DIOR DES CÉNOBITES 50

Voici la légende du style de la femme Dior, elle ne possède pas de téléphone portable (pas de poche pour le mettre), et si vous souhaitez la joindre, vous devez l’appeler le matin, quand elle est près de son téléphone fixe, mais pas avant 11h00 du matin car elle cuve le champagne engouffré la veille. Le reste de la journée, elle est en déplacement, se balançant dans la ville pour faire du shopping chez le seigneur des Arnault qui a, pour la circonstance, transformé ses boutiques en musée, pour ne pas être coupable de dépenser ces sommes aussi extravagantes. Et, ainsi expliquer à son époux, le soir venu, « le sugar daddy de Neuilly » qu’elle a passé sa journée au musée.

L’image de cette femme peut contenir peut-être une personne qui insuffle le glamour des années 50, et transpose la bimbo de la Fashion Week qui elle n’ait pas « Glamour » seulement Carrefour. Une vision de la « souris » au bord de la piscine de South Beach Ocean Drive de Dubaï, ou l’imagination dans la tête des autres. C’est la copie d’une période d’effervescence, la Fashion à l’heure de la Marilyn et de Hedy Lamarr, qui n’ont qu’un seul mot d’ordre être féminines, un rêve pour Maria de toutes ces starlettes soumises, prêtent à faire tout et n’importe quoi pour un petit moment de célébrité.

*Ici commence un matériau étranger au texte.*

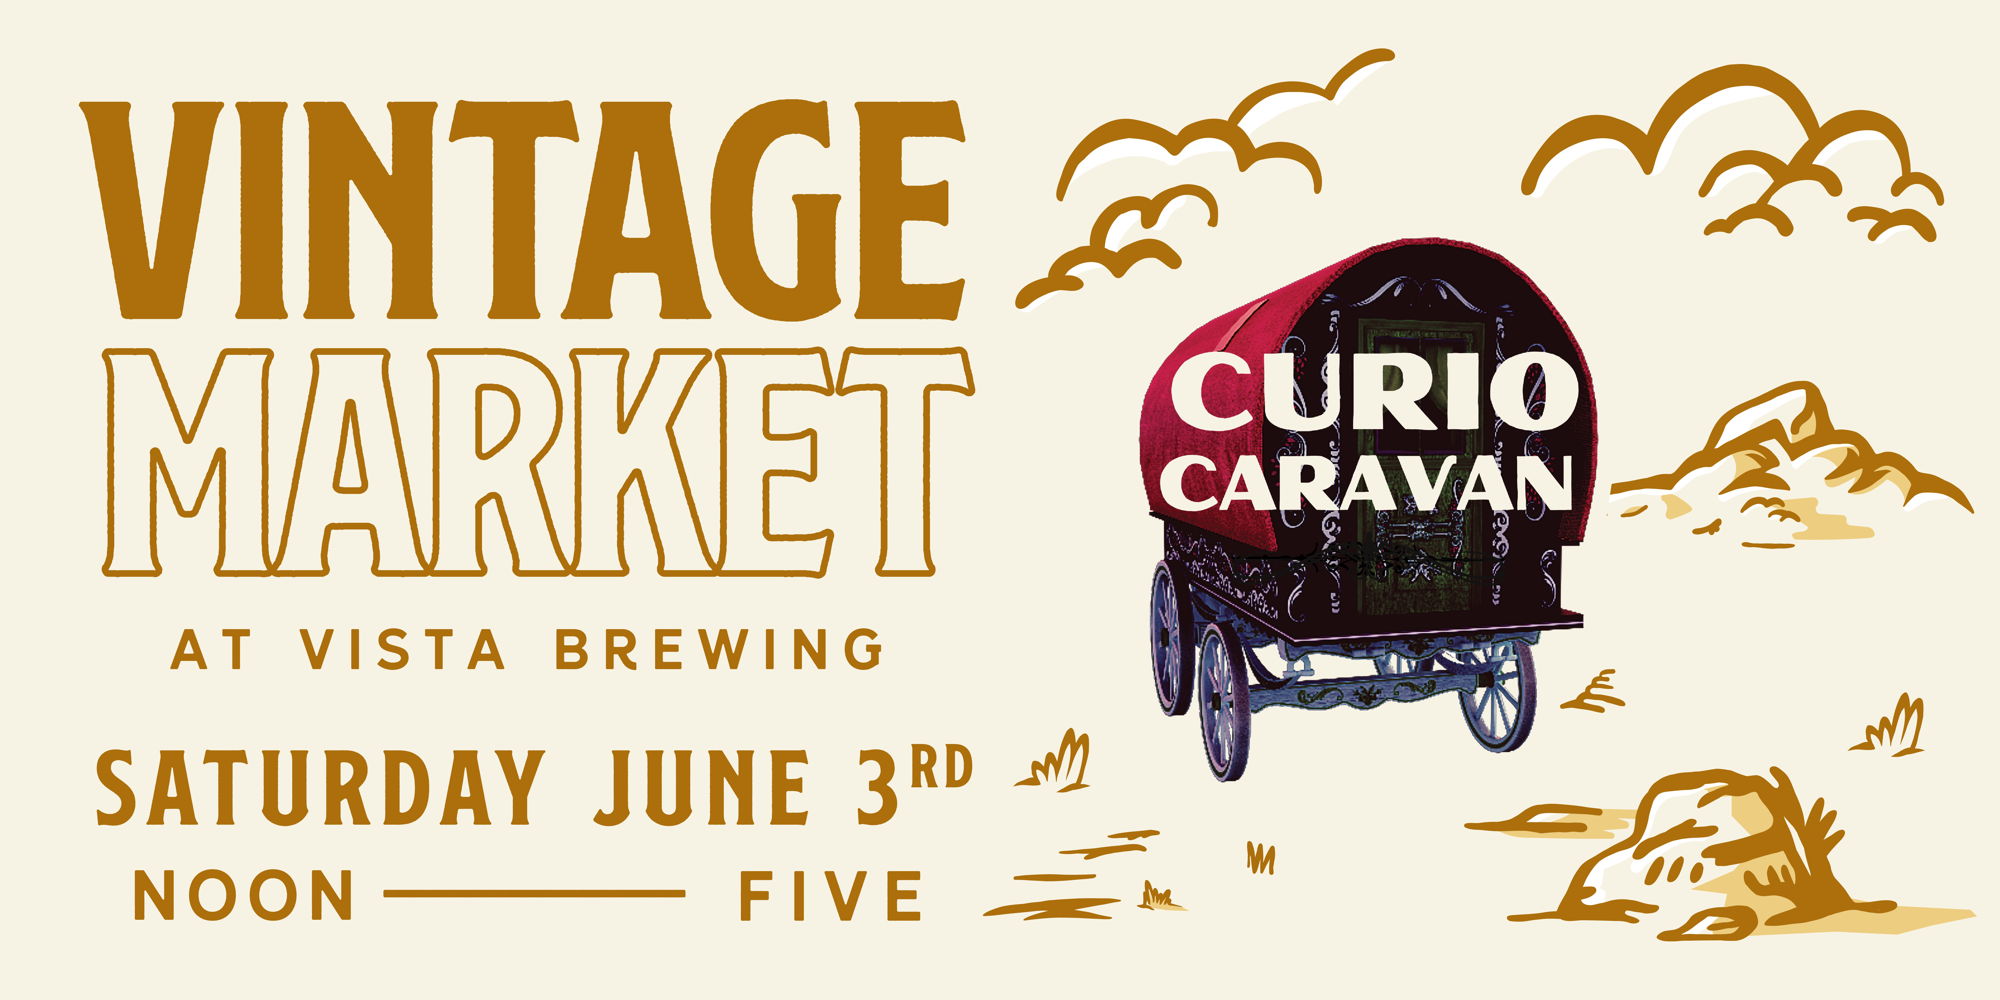 Vintage Market at Vista Brewing - Presented by Curio Caravan  promotional image

Mais, Dior, par la main et le doigt de Maria Gracia, rend cette période pour elle si excitante, et si morne pour nous. La femme Dior habillée dans une tenue chic pour prendre le bus ou le métro ligne années 50, qui dit mieux ? La jupe crayon comme la grande messe d’une austérité de vieille religieuse en manque, et le tailleur emblématique du maître de Granville, mais « hush… hush… » la créatrice est en mode femme, on comprend cela, mais nous aussi. L’avenir ? C’était bien pire avant.